If we consider Section 29 in the light of the rule that a grant of an exclusive privilege or franchise must be authorized either expressly or by necessary implication, we find that the section cannot sustain the position of the majority. No language is contained in the section which authorizes the Commission to grant an exclusive privilege, franchise or monopoly. The ' only language which makes any reference to exclusive franchises is the language of the *743section which prohibits the granting of an exclusive franchise to carriers. Not only does this language not imply that exclusive privileges may be granted, it simply makes emphatic a prohibition which the law already recognized.
Moreover, on the record I would say that Cargill is a “carrier” within the contemplation of the prohibition contained in Section 29, and there is, therefore, an express sanction against granting an exclusive privilege to Cargill. To support this conclusion, the record will show that Cargill owns a barge line and the facilities leased by Cargill from the Commission are devoted almost exclusively to the loading and unloading of grain by Cargill’s barges. It will not do, therefore, to say that the exclusive right was granted to Cargill as the operator of a grain elevator when Cargill is also a carrier. The prohibition of Section 29 applies to “carriers” regardless of what other business or activity they may be engaged in. And, as the record shows, Cargill is indisputably a “carrier”, even though it engages in other activities and is also operator of a grain elevator.

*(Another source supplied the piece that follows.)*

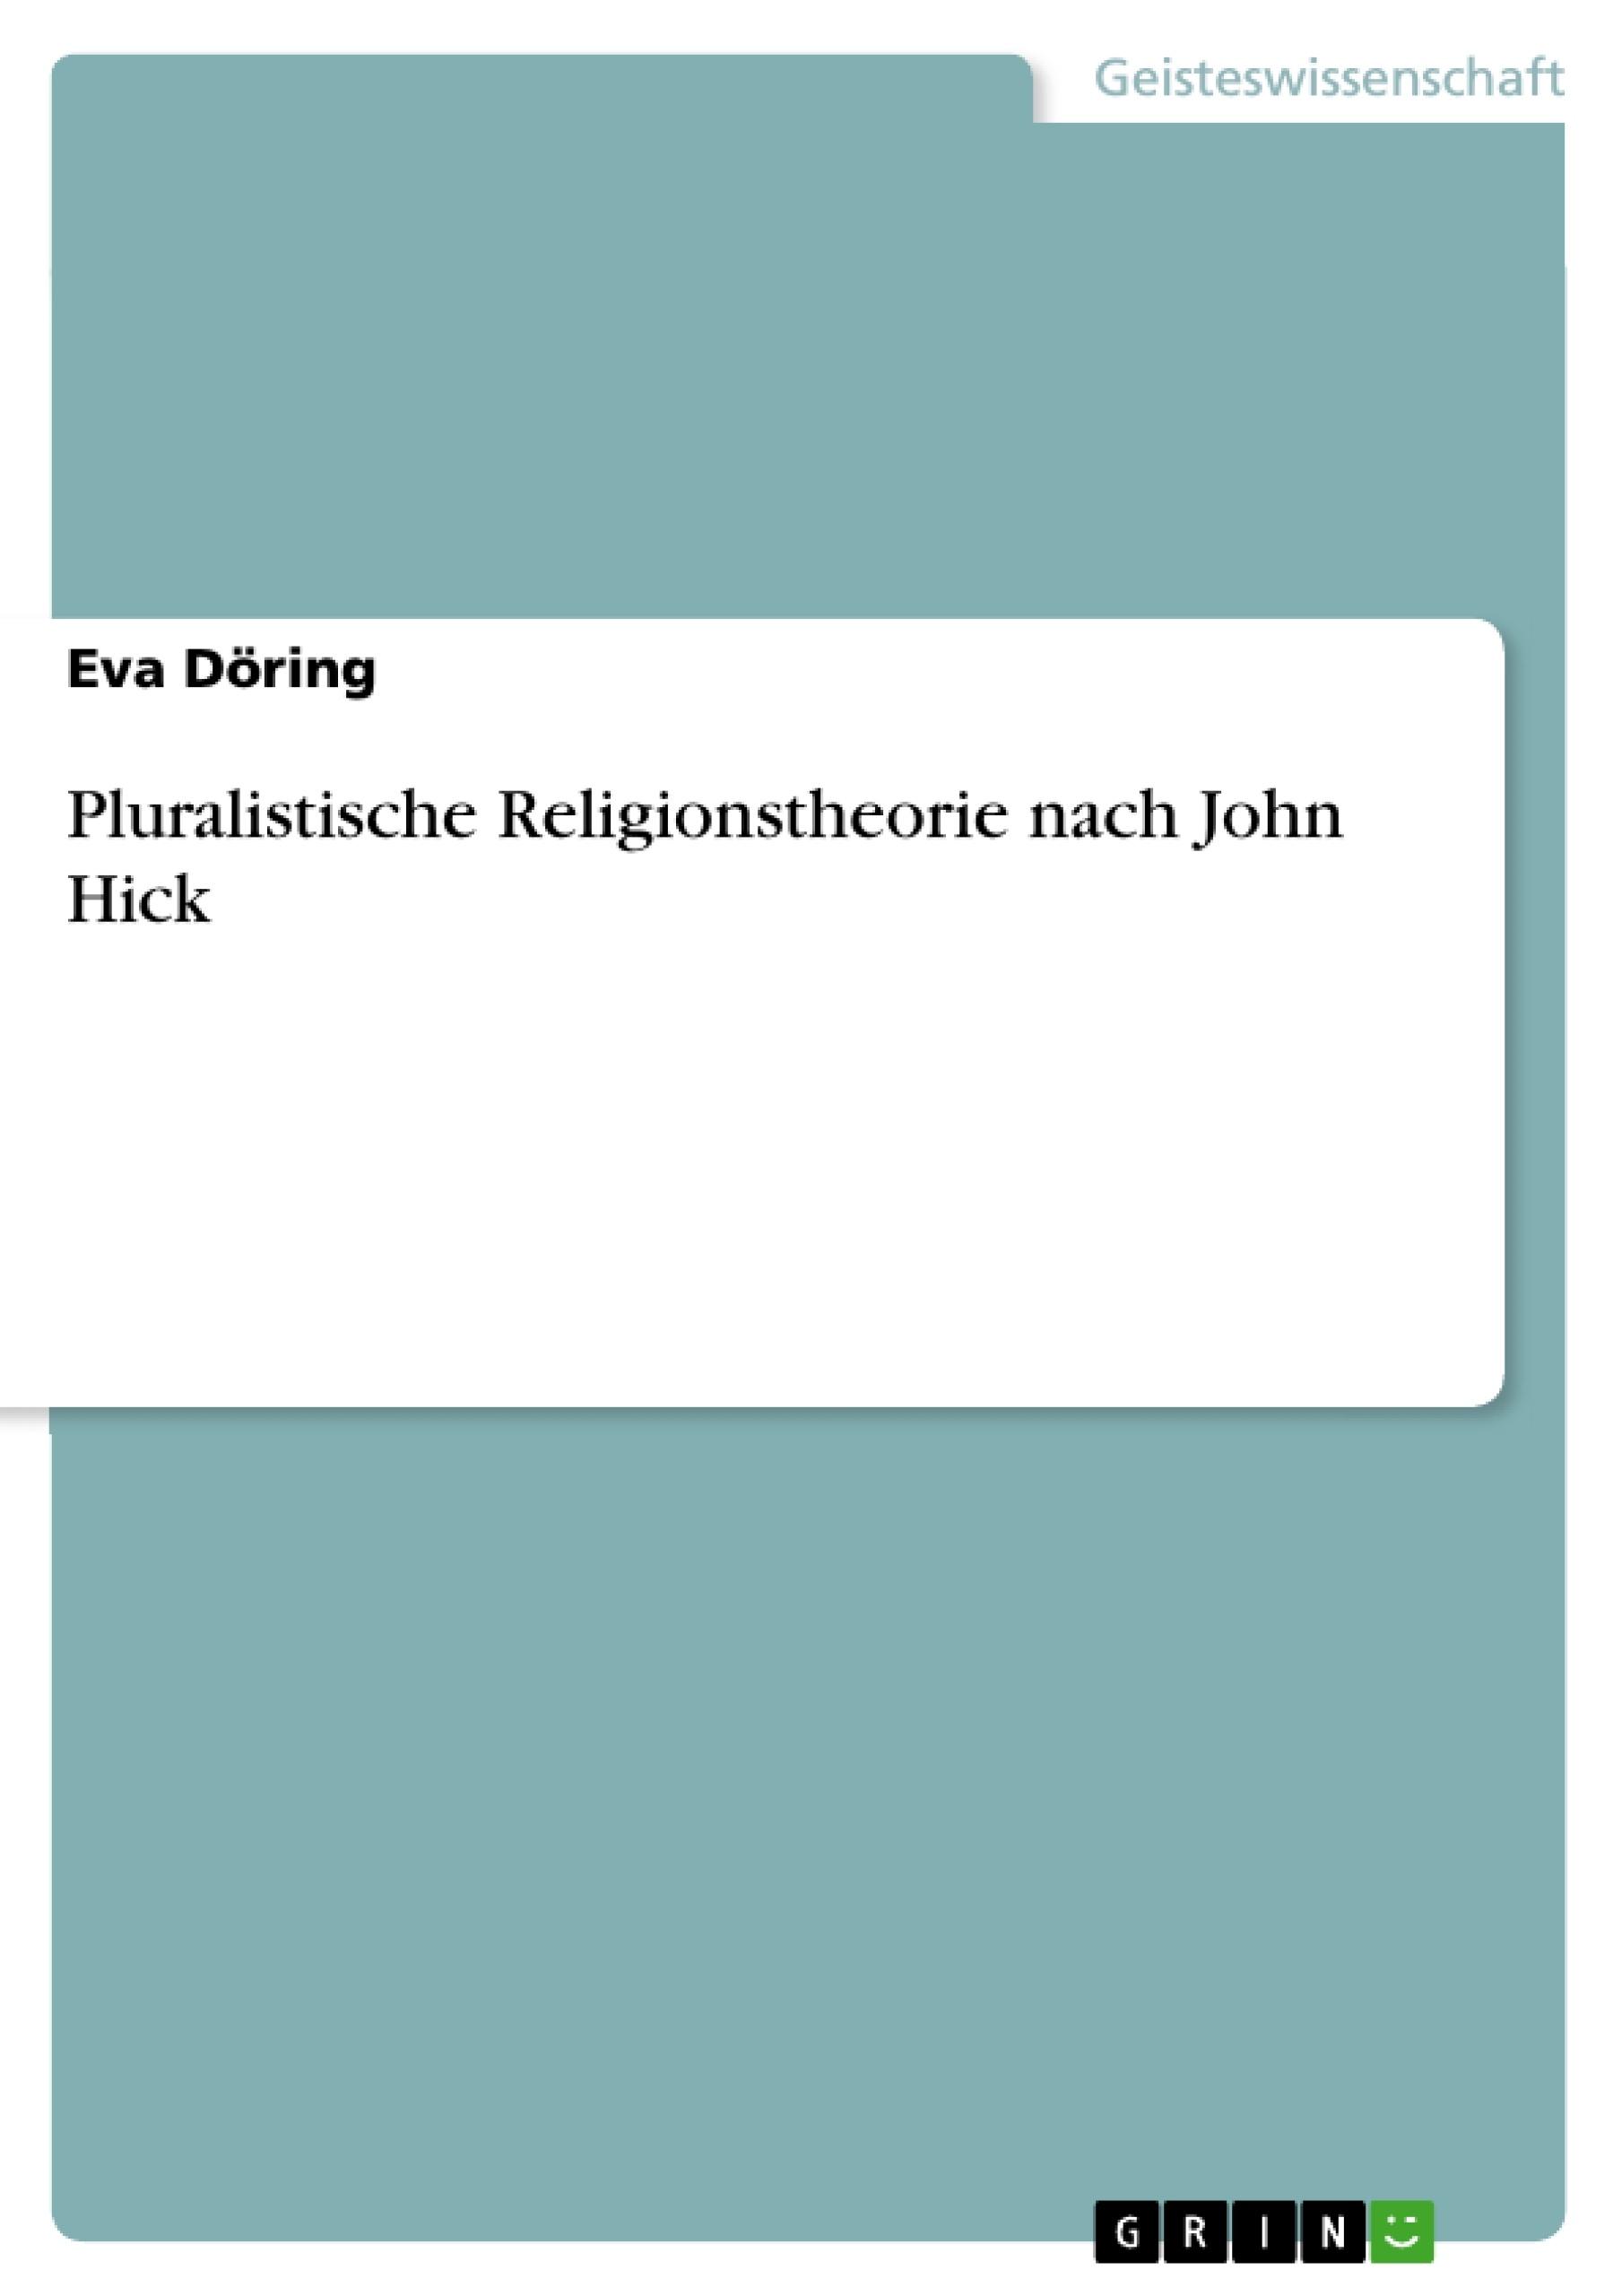 Titel: Pluralistische Religionstheorie nach John Hick

Thus, while designated as a public gram elevator, the present facility operated by Cargill in Baton Rouge handles practically no grain other than that owned by Car-gill. It was principally because of this monopoly that the establishment of another grain elevator within the port area was sought and this controversy was provoked. It is my view, therefore, that the exclusive grant to Cargill directly contravenes the constitutionally declared public policy of this state; and, furthermore, the Commission is not authorized either expressly or by necessary implication by any law in this state to grant such an exclusive privilege, franchise or monopoly to Cargill.
Aside from these fundamental objections to the majority opinion, I believe the language employed may, in some instances, bring about more uncertainty and controversy than this suit for a declaratory judgment was intended to settle. For instance, the opinion declares that Cargill has “the exclusive right to operate a public grain elevator within the Port Area of the Port Commission * * Standing alone, this declaration may well be construed to mean that no owner of private property situated within the four parish port area could sell or lease his land to a grain merchant for the development of a privately financed, privately owned, public grain elevator. If given this meaning, the language of the opinion would do violence to the constitutional principle that owners of private property may not be deprived of their property without due process for those people are not parties to this suit. Such a holding would, moreover, repudiate the holding in Lake Providence Port Commis*745sion v. Bunge Corp., La.App., 193 So.2d 363 (cert, denied, 250 La. 269, 195 So.2d 147).
The opinion urgently requires clarification.
I respectfully dissent.
JUSTICES SANDERS, SUMMERS and BARHAM are of the opinion a rehearing should be granted.